There is a collection of many key-value pairs $D = \{(k_1,v_1),(k_2,v_2),\cdots,(k_m,v_m)\}$ and a query $q$ . You need to find a key-value pair $(k_?,v_?)$ that is best for your query.

$\begin{split} \text{Attention}(q,D) &\overset{def}{=} \sum_{i=1}^m \alpha(q,k_i)v_i\\ &= \begin{bmatrix}\alpha(q,k_1) & \cdots & \alpha(q,k_m)\end{bmatrix} \begin{bmatrix}v_1 \\ \vdots \\ v_m\end{bmatrix} \end{split}$

where $\alpha(q,k_i)\in\R$ are scalar attention weights. The operation itself is typically referred to as attention pooling.
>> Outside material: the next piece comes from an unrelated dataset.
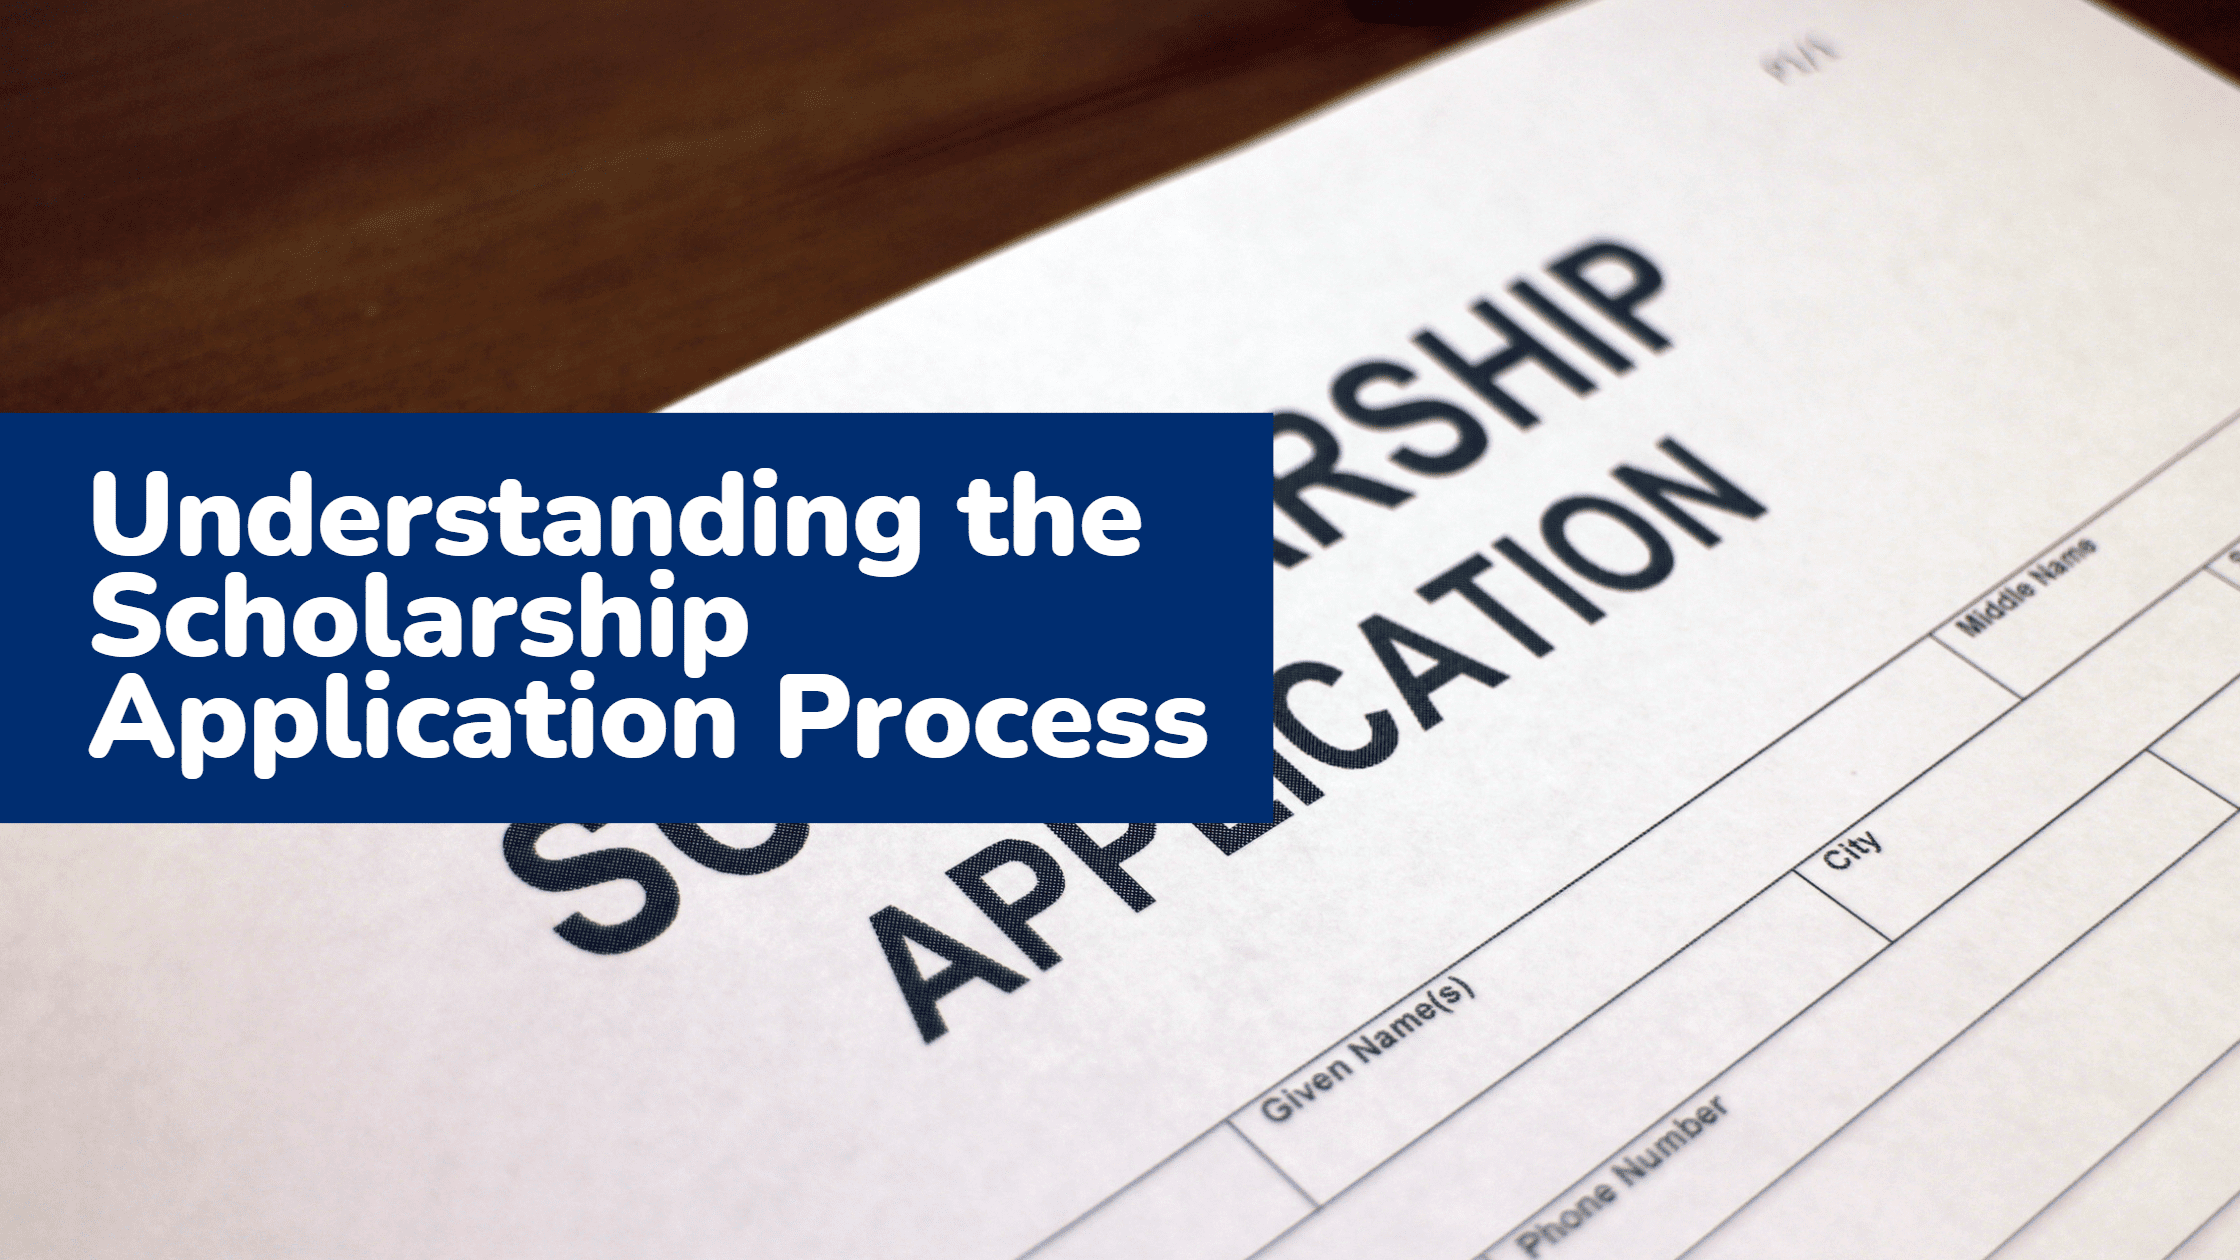 Understand the scholarship application process on estudent360.com: Learn steps, documentation, and strategies for successful applications
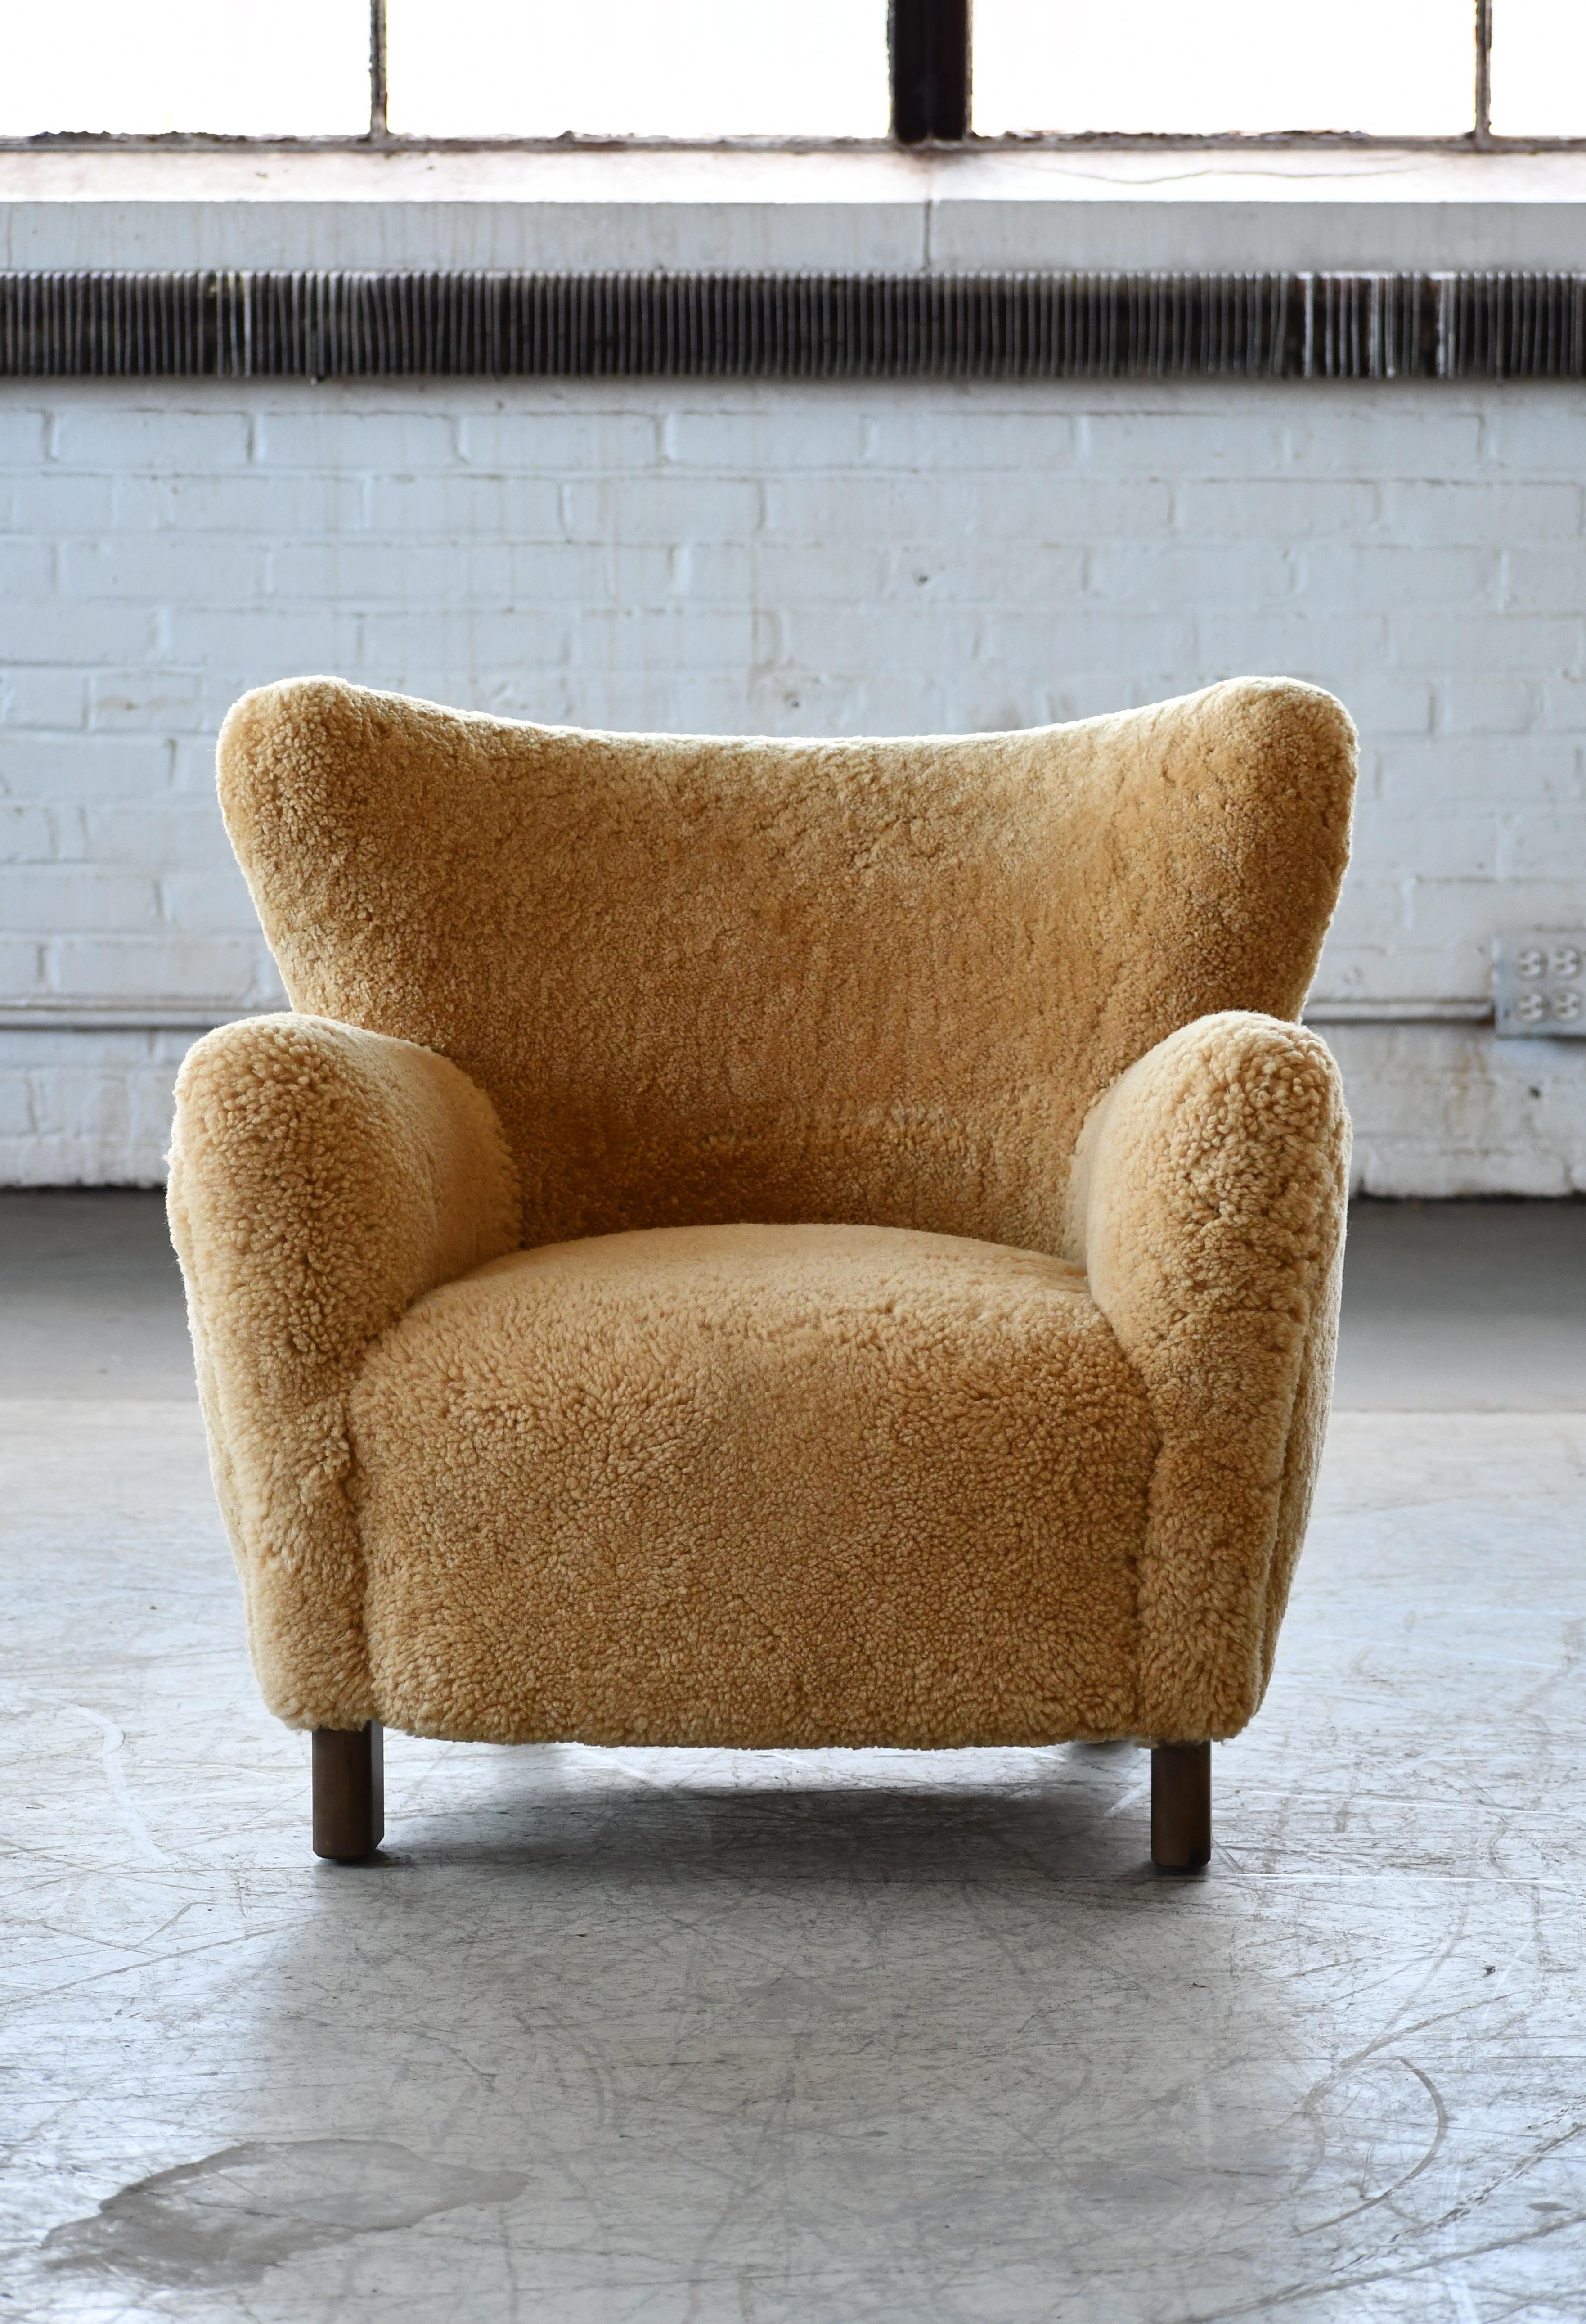 Pair of 1940's Style Classic Club or Lounge Chairs in Amber Color Shearling For Sale 2

The name attention derives from the fact that the operation pays particular attention to the terms for which the weight $\alpha$ is significant (i.e., large).
As such, the attention over $D$ generates a linear combination of values contained in the database.

We could apply softmax operation to $[\alpha(q,k_1)\cdots\alpha(q,k_m)]$ in order to make the weights nonnegative and also sum up to 1.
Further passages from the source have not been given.